Our Millionaire player was great at answering obscure and specific questions: the high-dollar questions toward the end of the show that people find difficult. It failed mostly on the warm-up questions that people find easy — the truly trivial trivia. The reason is simple. Factual answers like the year that Mozart was born appear all over web. Statements capturing common sense for the most part do not. Big data can only go so far.*

That was 2003.

In the paper, our clearest example of a question that we could not answer was How many legs does a fish have?. No one on the web would actually bother to write down the answer to that. Or would they?

I was recently explaining all this to a colleague. To make my point, we Googled that question. Low and behold, there it was: asked and answered — verbatim — on Yahoo! Answers. How many legs does a fish have? Zero. Apparently Yahoo! Answers also knows the number of legs of a crayfish, rabbit, dog, starfish, mosquito, caterpillar, crab, mealworm, and “about 133,000″ more.

Today, there are way more than 1 billion web pages: maybe closer to 1 trillion.

What’s the new lesson? Given enough time, everything will be on the web, including the fact that hungry poets blink (✓). Ok, not everything, but far more than anyone ever imagined.

It would be fun to try our Millionaire experiment again now that the web is bigger and search engines are smarter. Is there some kind of Moore’s Law for artificial intelligence as the web grows? Can sentience be far behind? :-)

__________
* Lance agreed, predicting that IBM’s quest to build a Jeopardy-playing computer would succeed but not tell us much.

March 5th, 2010

Predictalot! (And we mean alot)

I’m thrilled to announce the launch of Predictalot, a combinatorial prediction market for the NCAA Men’s Basketball playoffs. Predict almost anything you can think of, like Duke will advance further than UNC, or Every final four team name will start with U. Check the odds and invest points on your favorites. Sell your predictions anytime, even as you follow the basketball games live.

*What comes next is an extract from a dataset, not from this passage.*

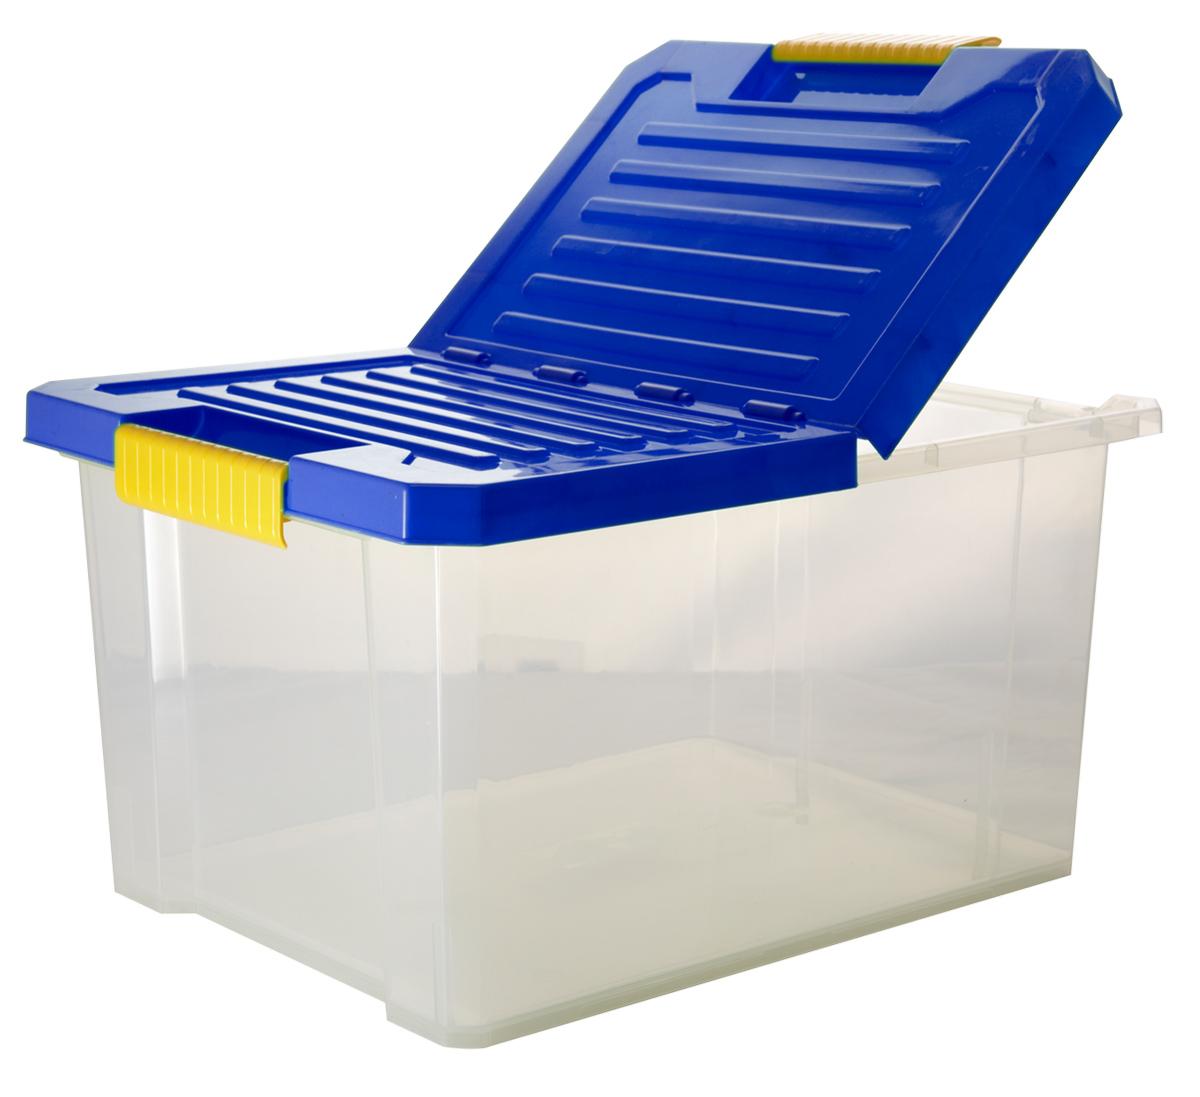 Ящик для хранения BranQ Unibox, цвет: синий, прозрачный, 17 лBQ2562СНЛЕГОУниверсальный ящик для хранения BranQ Unibox, выполненный из прочного пластика, поможет правильно организовать пространство в доме и сэкономить место. В нем можно хранить все, что угодно: одежду, обувь, детские игрушки и многое другое. Прочный каркас ящика позволит хранить как легкие вещи, так и переносить собранный урожай овощей или фруктов. Изделие оснащено складной крышкой, которая защитит вещи от пыли, грязи и влаги. Эргономичные ручки-защелки, позволяют переносить ящик как с крышкой, так и без нее.

The basic game play is simple: select a prediction type, customize it, and invest points on it. Yet you’ll never run out of odds to explore: there are hundreds of millions of predictions you can make. The odds on each update continuously based on other players’ predictions and the on-court action.

Predictalot is a Yahoo! App, so you can play it at apps.yahoo.com or you can add it to your Yahoo! home page. I have to admit, it’s an incredible feeling to play a game I helped design right on the Yahoo! home page.

Predicalot app on the Yahoo! home page

That’s all you need to get started. If you’re curious and would like a peek under the hood, read on: there’s some interesting technology hidden in the engine.

Background and Details

Predictalot is a true combinatorial prediction market of the sort academics like us and Robin Hanson have been dreaming about since early in the decade. We built the first version during an internal Yahoo! Hack Day. Finally, we leveraged the Yahoo! Application Platform to quickly build a public version of the game. (Note that anyone can develop a YAP app that’s visible to millions — there’s good sample code, it supports YUI and OpenSocial, and it’s easy to get started.) After many fits and starts, late nights, and eventually all nights, we’re proud and excited to go live with Predictalot version 1.0. I can’t rave enough about the talent and dedication of the research engineers who gave the game a professional look and feel and production speed, turning a pie-in-the-sky idea into reality. We have many features and upgrades in mind for future versions, but the core functionality is in place and we hope you enjoy the game.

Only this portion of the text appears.